Mexicans drink more bottled water than the citizens of any other country do, an average of 61.8 gallons per person each year, according to the Beverage Marketing Corp., a consultancy. That’s far higher than Italy, and more than twice as much as in the United States.

A rising mistrust of tap water is behind the thirst for bottled water. Other factors are also at play, however, including clever advertising campaigns by multinational corporations and the failure of the Mexican government to provide timely data on water safety.

The boom in bottled water has an underside, too. Empty plastic water bottles litter landfills and roadsides at a rate that alarms consumer and environmental groups. Recycling experts say that only about one-eighth of the 21.3 million plastic water and soft drink bottles that are emptied each day in Mexico get recycled.

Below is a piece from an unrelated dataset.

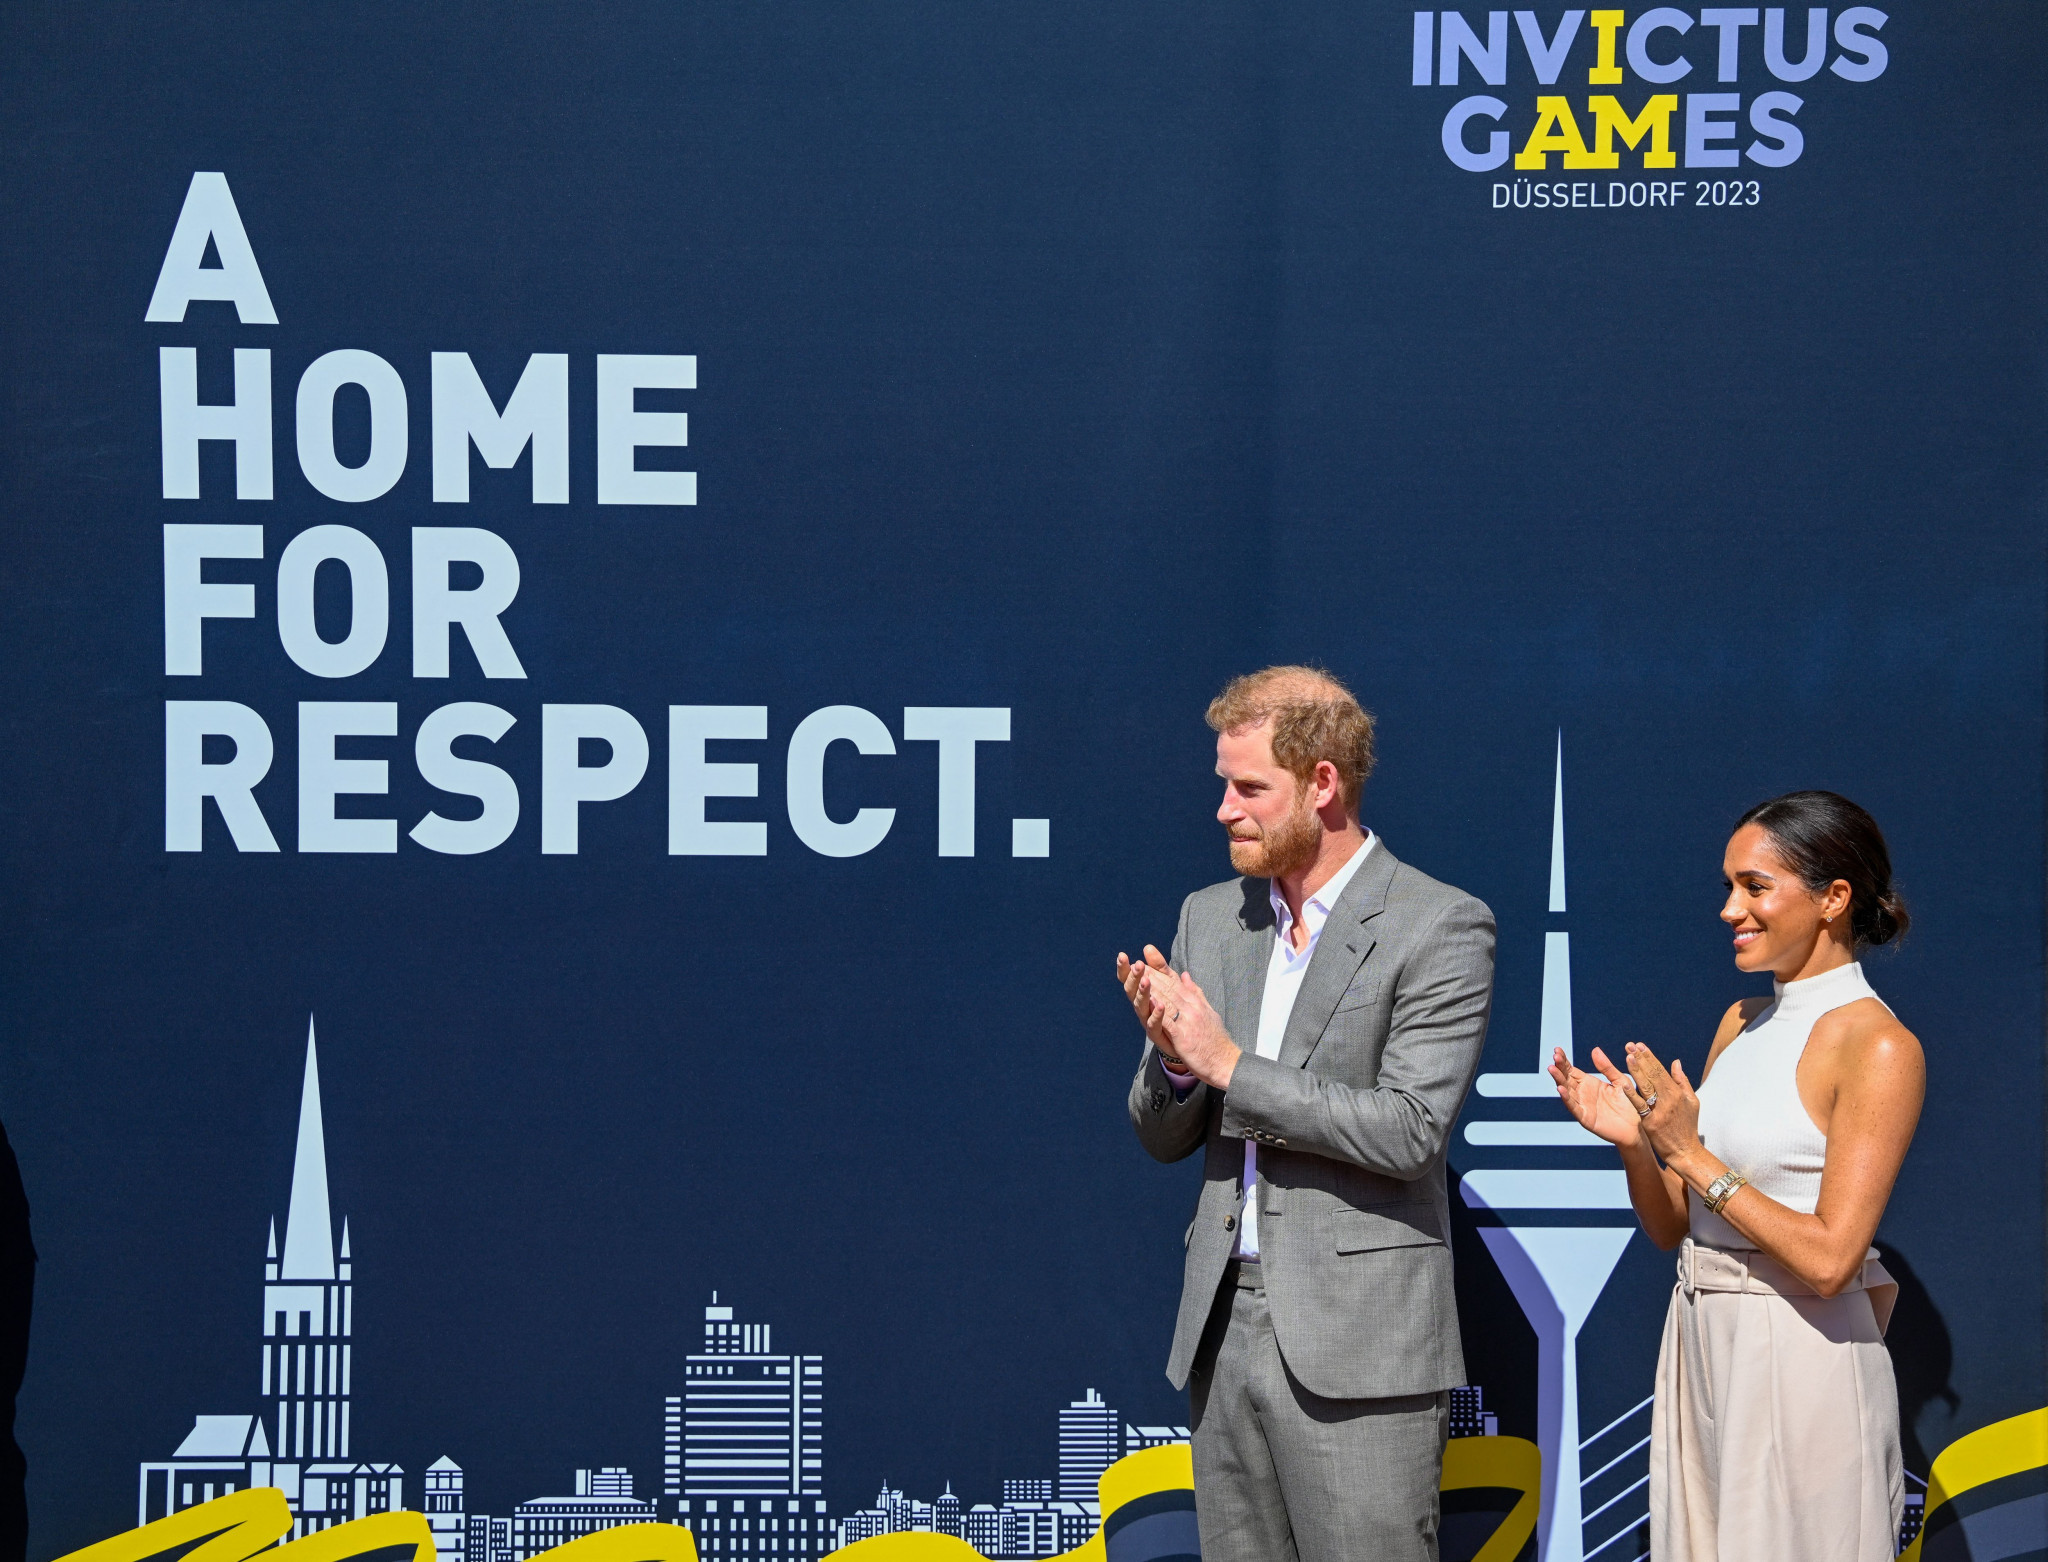 A Home for Respect has been unveiled as the motto for the 2023 Invictus Games in Düsseldorf ©Getty Images

Mexicans weren’t always as distrustful of tap water as they are these days.

“Twenty years ago, there were drinking fountains in all the public schools and in most parks,” said Claudia Campero, a Mexico representative of Food & Water Watch, a Washington-based consumer advocacy group. Now, such fountains are rare.

Some municipal water systems in Mexico have fallen into disrepair, including in the capital, where a 1985 earthquake that killed more than 10,000 people broke numerous water mains.

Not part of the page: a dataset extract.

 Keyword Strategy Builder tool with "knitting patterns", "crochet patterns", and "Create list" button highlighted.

“The infrastructure is very old and obsolete. Even though there has been investment, it isn’t enough. Runoff is seeping into the water system,” said Octavio Rosas Landa, an economist at the National Autonomous University of Mexico.

For years, many residents grew accustomed to boiling tap water to ensure its safety, but natural gas prices have risen, making boiling expensive.

Not all the water is bad. Some provincial cities have improved their water systems, and Environment Ministry officials say that 85 percent of the water coursing through municipal systems is potable. Consumers, however, don’t know when they might sip the other 15 percent. Many Mexicans simply don’t trust the government to deliver clean, pure water.

That’s where multinational companies with bottled water divisions – such as Coca-Cola, PepsiCo, France’s Groupe Danone and the Swiss giant Nestle – have found an opening.

“These companies tell people to have confidence in them rather than in the government,” Campero said.

One can hardly turn on the television without seeing an ad of a lithe young woman in a sweatsuit sipping from a bottle of premium water or a woman in a bikini whose svelte physique seems due to the bottle of water in her hand.

On street corners, vendors hawk liter bottles of water. Restaurants don’t offer tap water, insisting that diners buy bottled water. Primary school students must take money to buy bottled water from kiosks.

For big companies, the boom in bottled water consumption in developing countries such as Mexico, India, China and Indonesia has been a godsend, since consumers in Europe, a stronghold of bottled water, have rebelled against throwaway plastic bottles as harmful to the environment.

Not so in Mexico. Former President Vicente Fox, a longtime Coca-Cola executive, looked positively on rising soft drink and bottled water sales, seeing them as a driver of economic growth. Mexicans drink an average of 42.3 gallons of soft drinks per capita annually, surpassed only by U.S. consumers.

The growth of soft drink consumption is slowing in comparison with water, however.

The Beverage Marketing Corp. in New York City says Mexico’s bottled water market composes 13 percent of the world’s total, and has grown at 8 percent for each of the past five years.